Title: Spondyloarthropathies and Psoriatic Arthritis - Clinical Aspects and Treatment I

Session Type: Abstract Submissions (ACR)

Background/Purpose: Psoriatic arthritis mutilans (PAM) is a rare extreme subtype of psoriatic arthritis (PsA). Our objectives were to: (1) compare clinical characteristics of PsA patients with PAM and without PAM (non-PAM); (2) determine the rate of PAM radiographic progression.
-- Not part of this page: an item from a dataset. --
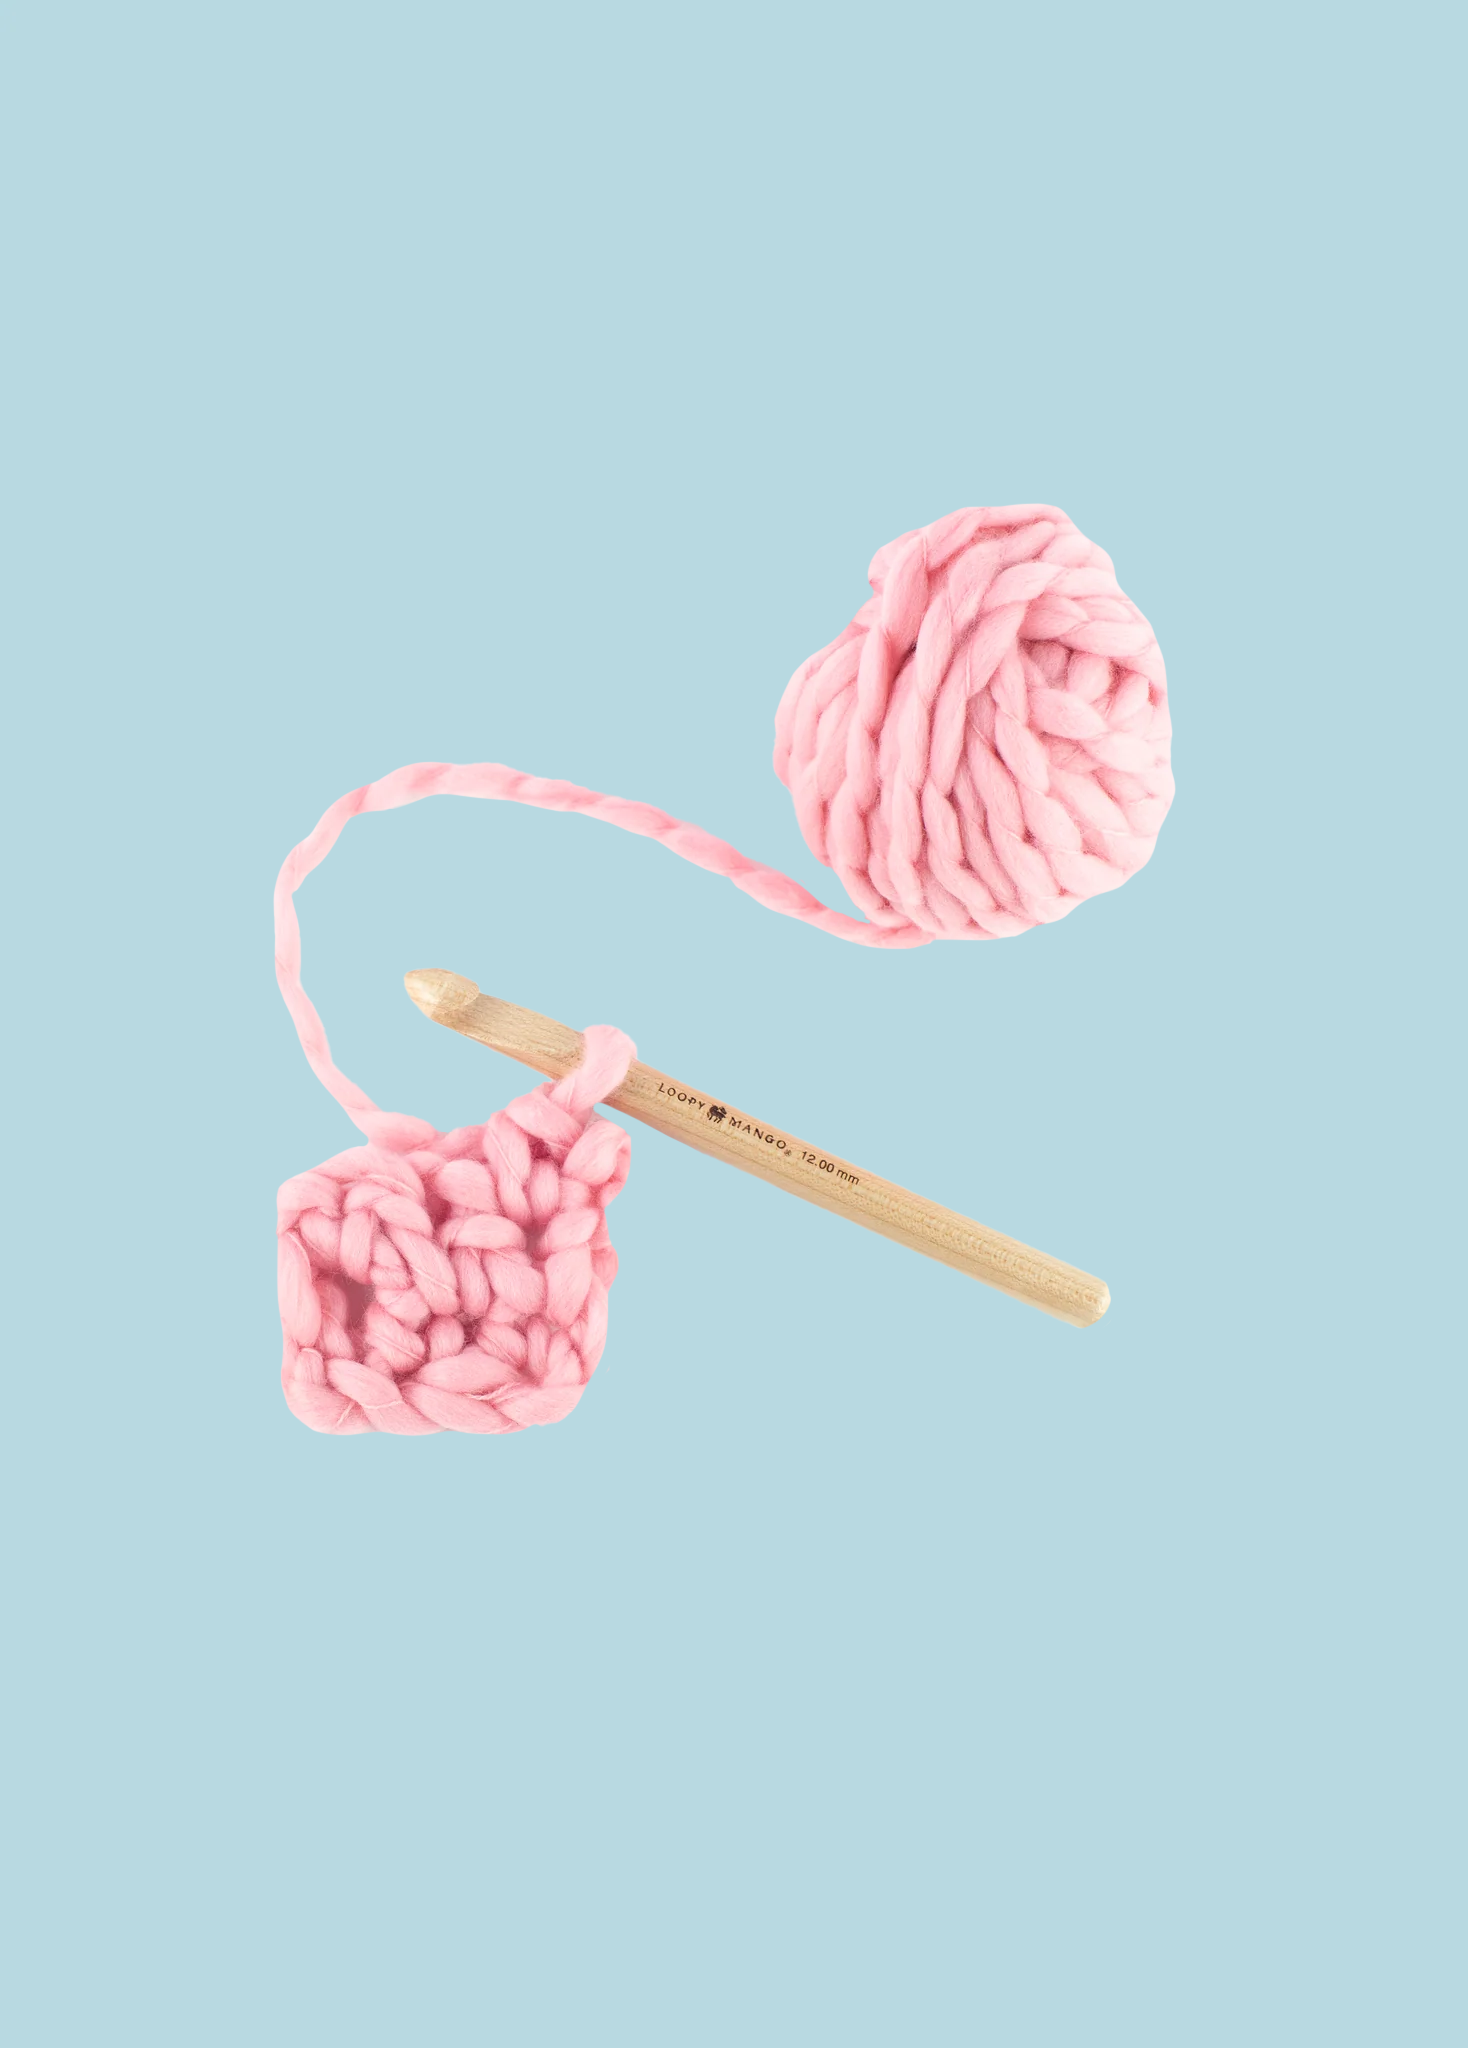 SALE-50% OFF 15 mm or 19 mm Crochet Hook

Methods: A retrospective cohort study was conducted of all PsA patients attending a teaching hospital. Clinical characteristics were recorded. Most recent radiographs of hands and feet were evaluated for PAM, defined as osteolysis affecting ≥50% of the articular surface on both sides of the joints. All available radiographs (earliest to most recent) were quantitatively scored for osteolysis, erosion, joint space narrowing, and osteoproliferation. Radiographic progression was analysed using random effects models to allow for patient differences, and additive models for all joints.

Results: 610 PsA cases fulfilling CASPAR criteria were screened: 36 PAM (35 with serial radiographs); 483 non-PAM; 91 had insufficient radiographs to determine PAM.

            PAM cases were younger at diagnosis of PsA than non-PAM cases (33 vs. 40 years; p=0.04). Psoriatic nail dystrophy was more prevalent in PAM than non-PAM cases (83.33 vs. 47.95%; p=0.0002). At most recent assessment, PAM cases had a higher HAQ than non-PAM cases (median 1.25 vs. 0.63; p=0.05), especially in domains relating to hand / feet function: HAQ-grip (p=0.02); HAQ-eating (p=0.03). In cases with ACPA serology available, PAM cases were no more likely to be ACPA positive (0/16) than non-PAM cases (8/226; p=0.44). 16/28 PAM cases had radiographic sacroiliitis, often bilateral (14/16) and of grade ≥3 (15/16). During their disease course, PAM cases were more likely than non-PAM cases to have used a DMARD (91.67 vs. 50.21%; p<0.0001), but no more likely to have used a Biological (p=0.53). 87.50% of PAM cases had used a DMARD before PAM-occurrence.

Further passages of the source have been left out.